↓

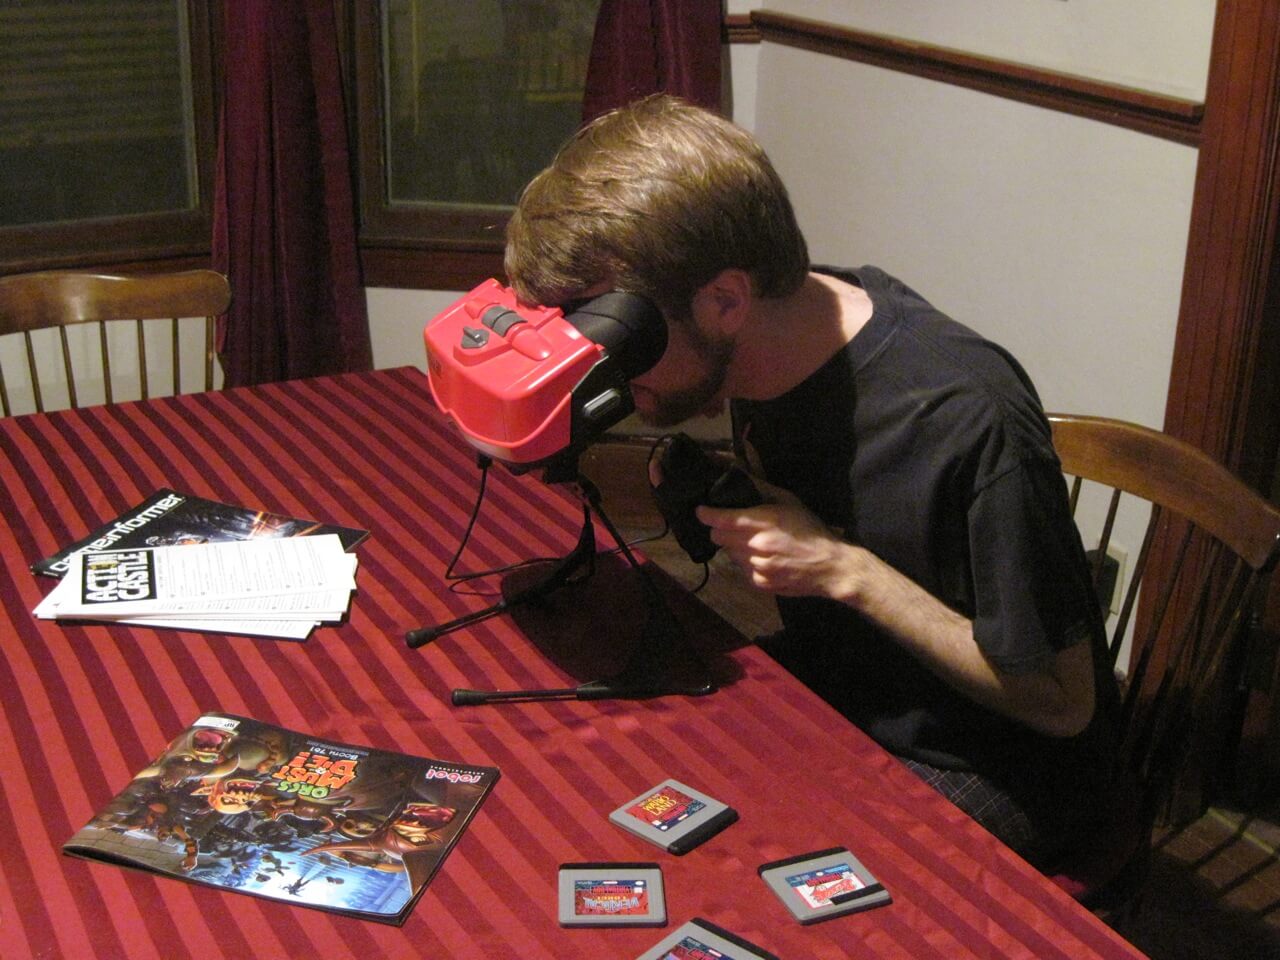 Virtual Boy de Nintendo
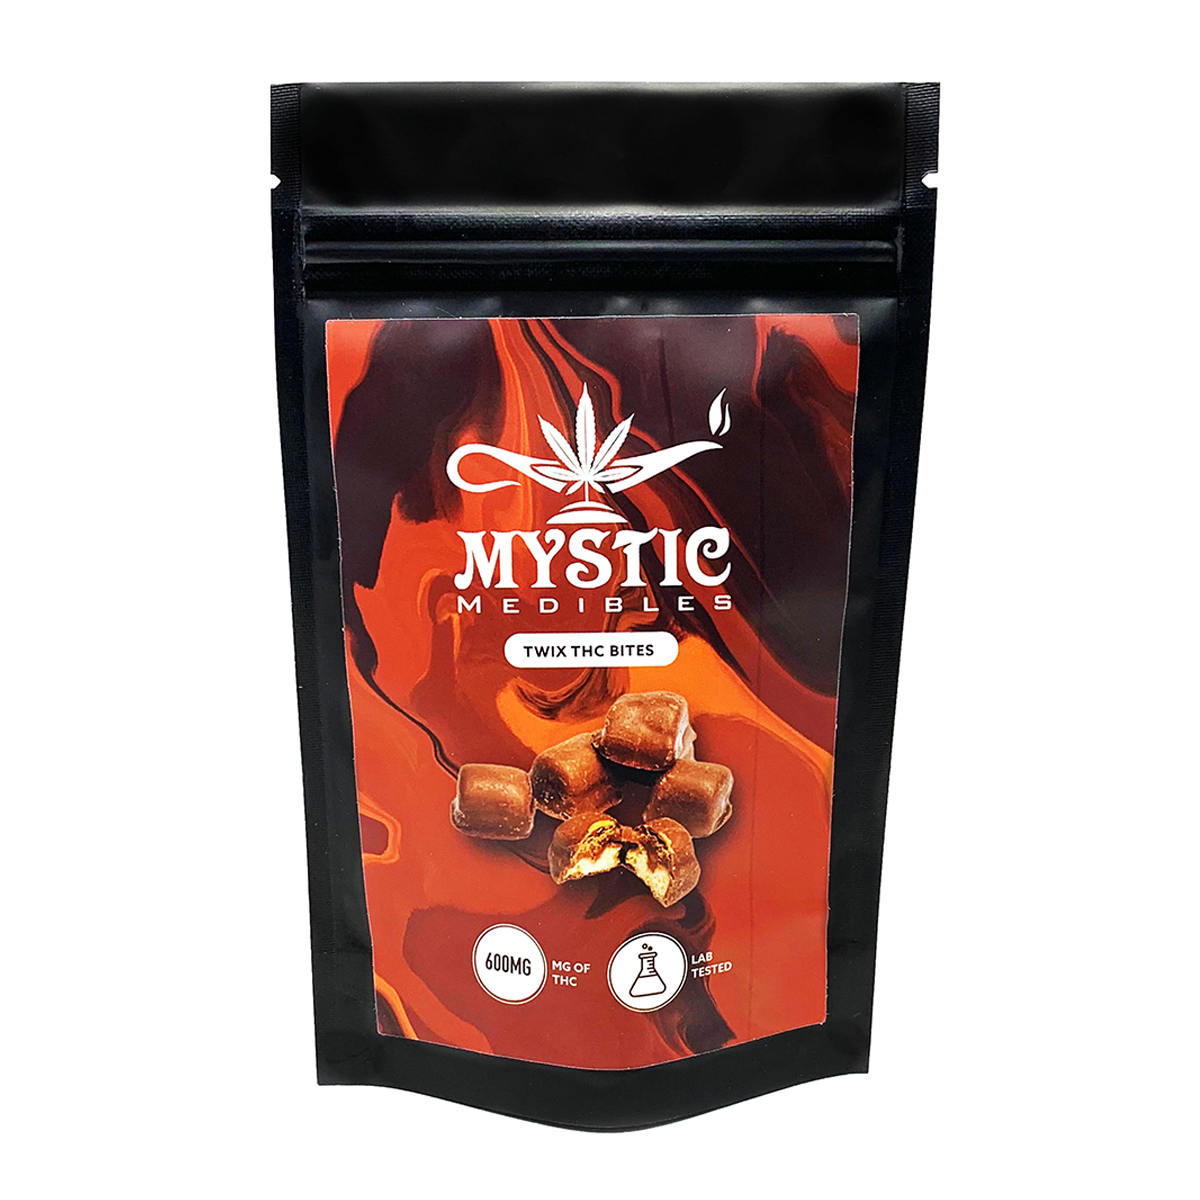 Buy Mystic Medibles - Twix Bites 600mg
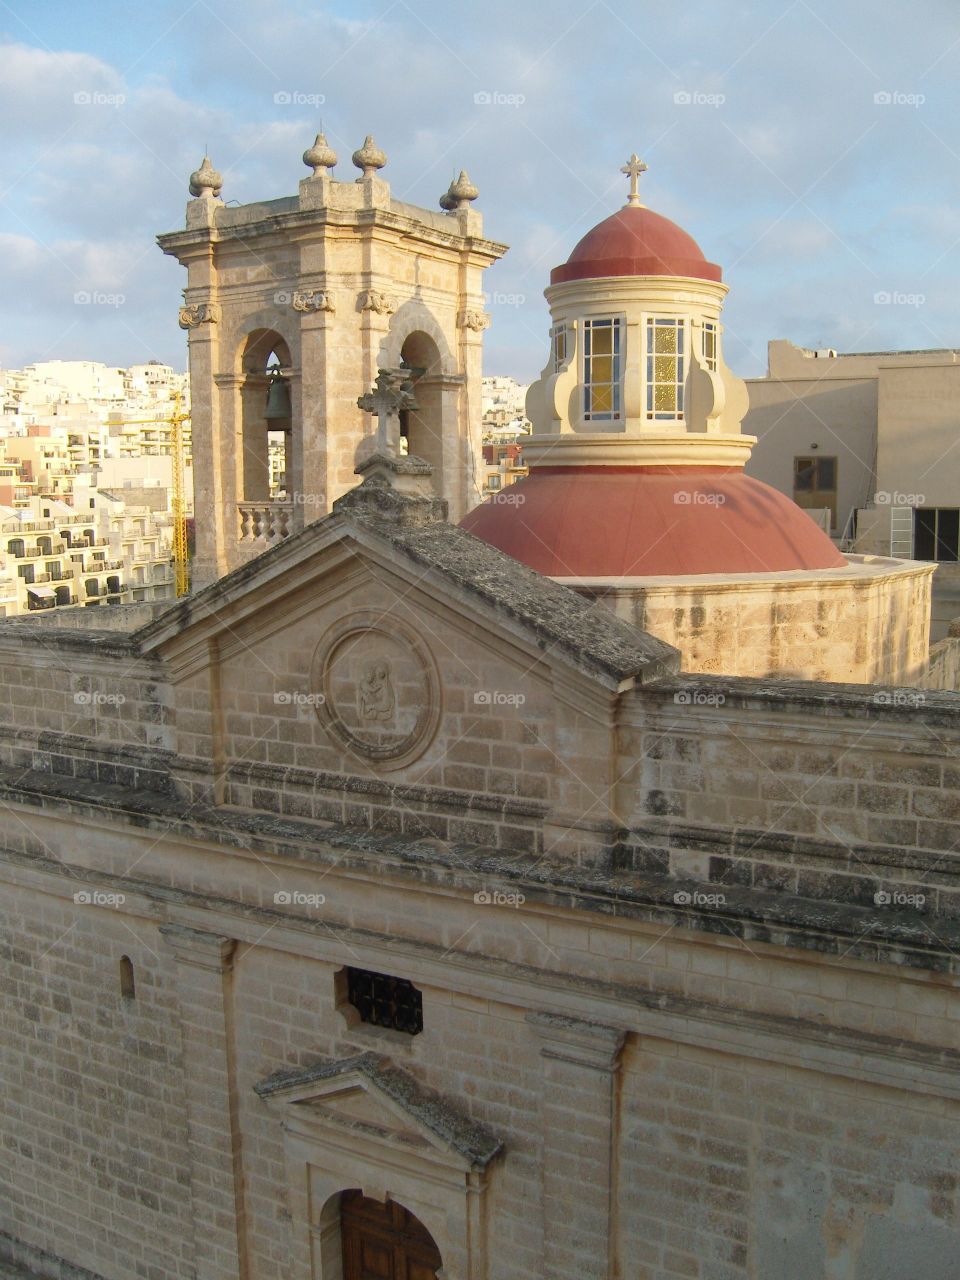 Malta churches Red dome

↑

§ Task instructions:
Each line above should be returned exactly as it stands, minus any pictures.

§ Reply to the exercise:
 Virtual Boy de Nintendo
 Buy Mystic Medibles - Twix Bites 600mg
 Malta churches Red dome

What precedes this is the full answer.